I've always preferred the greens and sometimes the greys and browns. Today, February 26th of this year, 2009, a day like any other, with the particularity of being different because it is sunny, Carmen, my dear aunt, sent me a tremendous video about the cruelty committed against women in Islam. Yesterday he sent me the Zeitgeist, the Dem (chip sis) and today this. There are days when, like somnambulists, we seem to accept everything that is bad, without realizing that it is much of what still exists among us. But there are other days when we don't know what to do with this disgusted conscience, with this pain in the chest or with this lump in the throat. To be human, after all, is to accept that culture can hurt in other latitudes?
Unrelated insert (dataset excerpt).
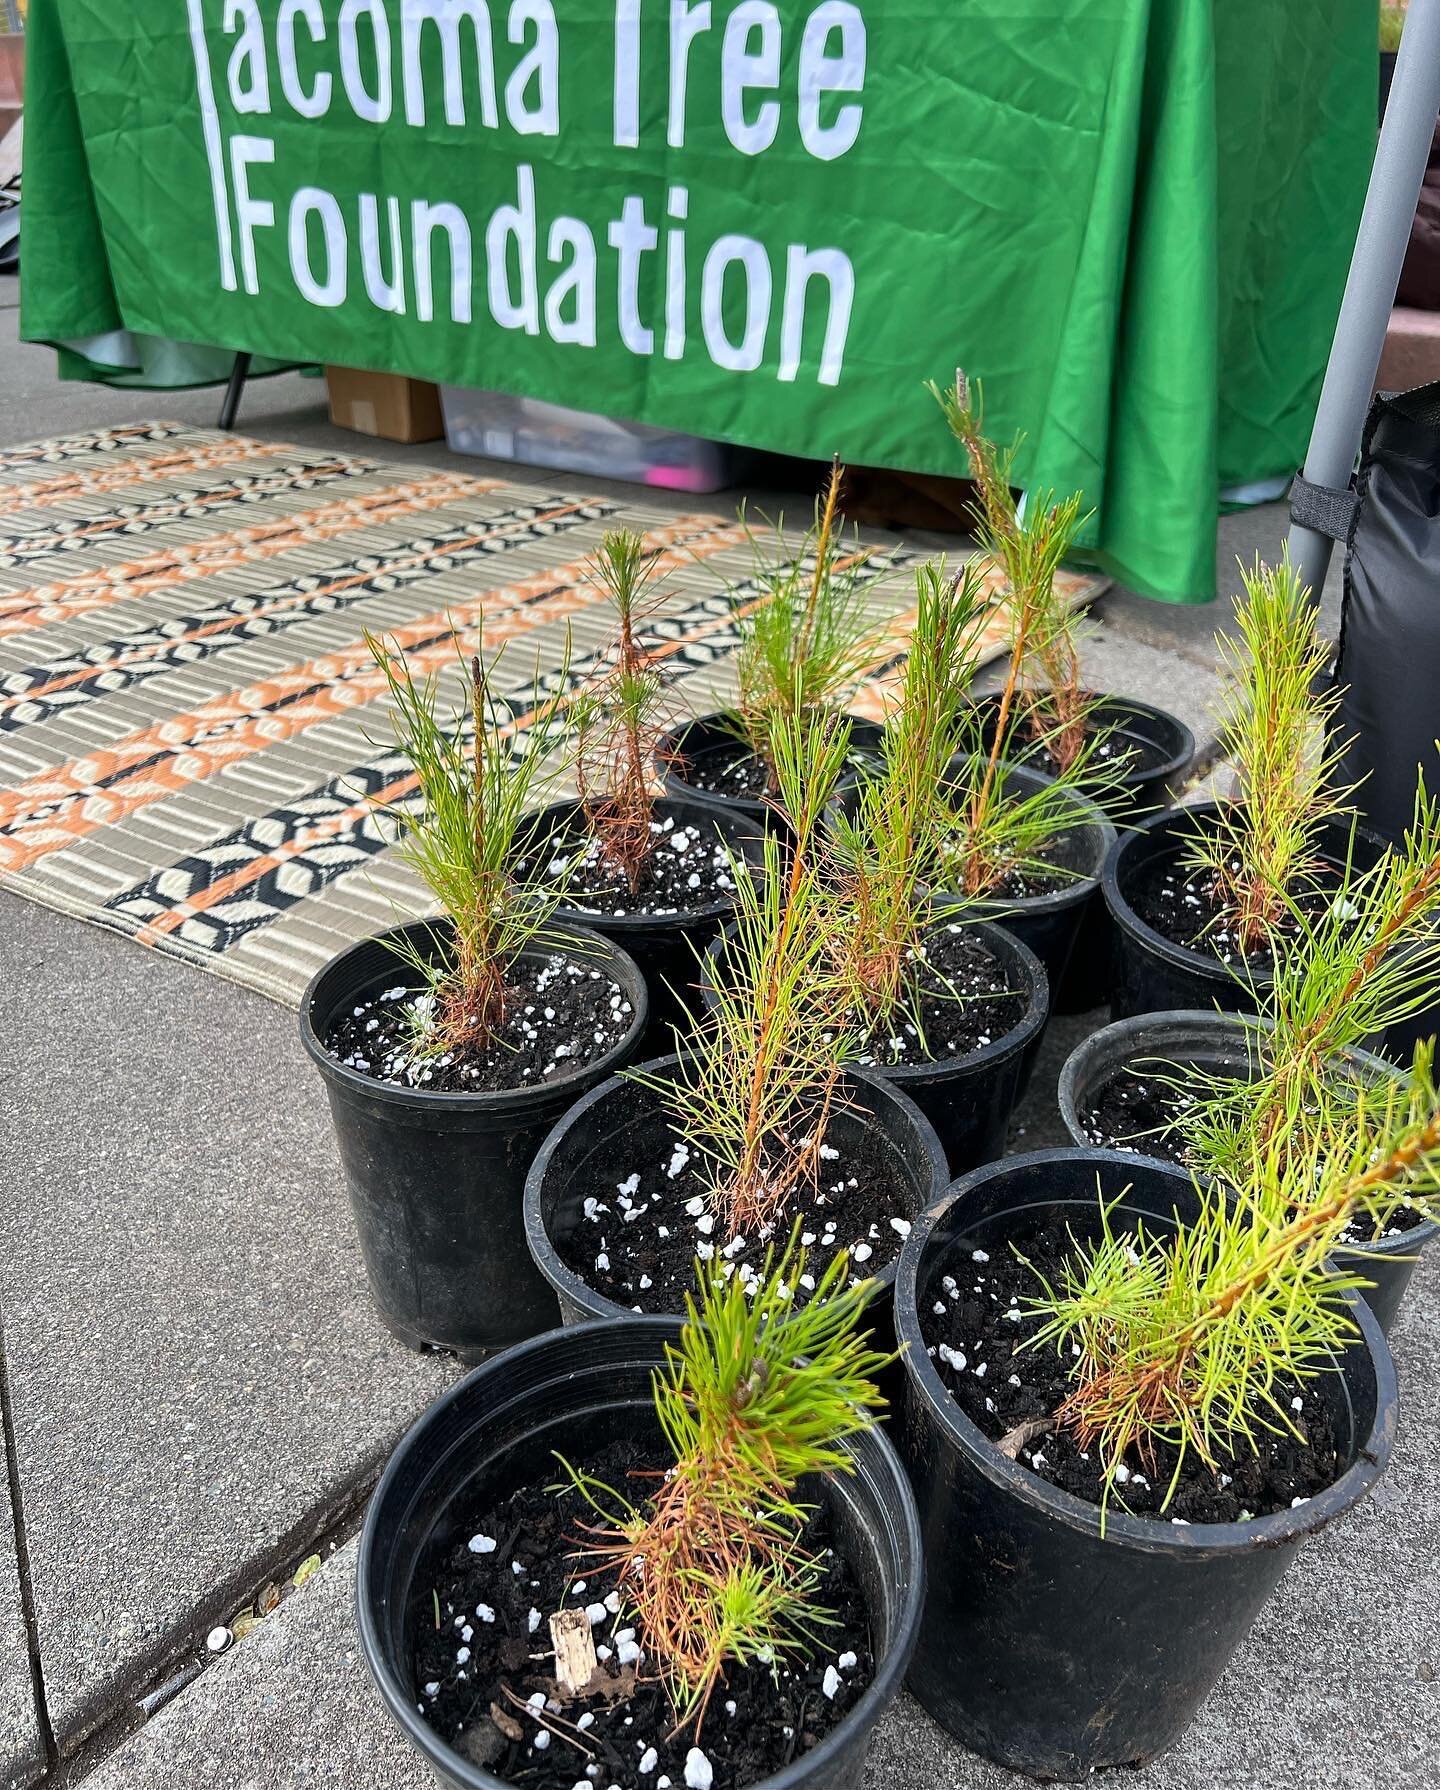 VOLUNTEER OPPORTUNITY! 🪴 We are looking for volunteers who can join us for a full day of tree potting at NWTrek this Tuesday, July 5! A carpool will leave at 9:00 a.m. from the Moore Branch of Tacoma Public Library at 215 S 56th St, Tacoma, WA 98408

Stoning a woman in the street, beating her with kicks and mockery, until she bleeds, until she dies, for having greeted a man who is not a family member, is culturally acceptable??? Removing the clitoris or having surgery on the penis should not be quite the same thing. Do we have the "right" to remain silent?
As Obama said in his inaugural address, on the subject of religion or religions, of religious tolerance by the majority, if God asked Abraham today to sacrifice his son, he would be arrested, the child would be taken away from him. The world has evolved, but not the basic, instinctive feelings called hatred, contempt, envy, anger, cruelty.
We're sorry to feel this kind of thing, but that's what we're still made of...
I no longer read Corin Tellados or L. Tolstoy or E. Zola but I can tell you that I still feel the weight of all the books written, of all the perspectives received in the name of culture and none of this is important to improve this concept of humanity. In fact, that is what weighs on me. Darwin, far from the Origin of Species, in "The Descent of Man" prophesies what we now know to be true: "Man still bears in his physical structure the indelible mark of his primitive origin."
Everything else is change. Be angry or stick your head in the sand like the ostrich. To see if the men of Islam care!!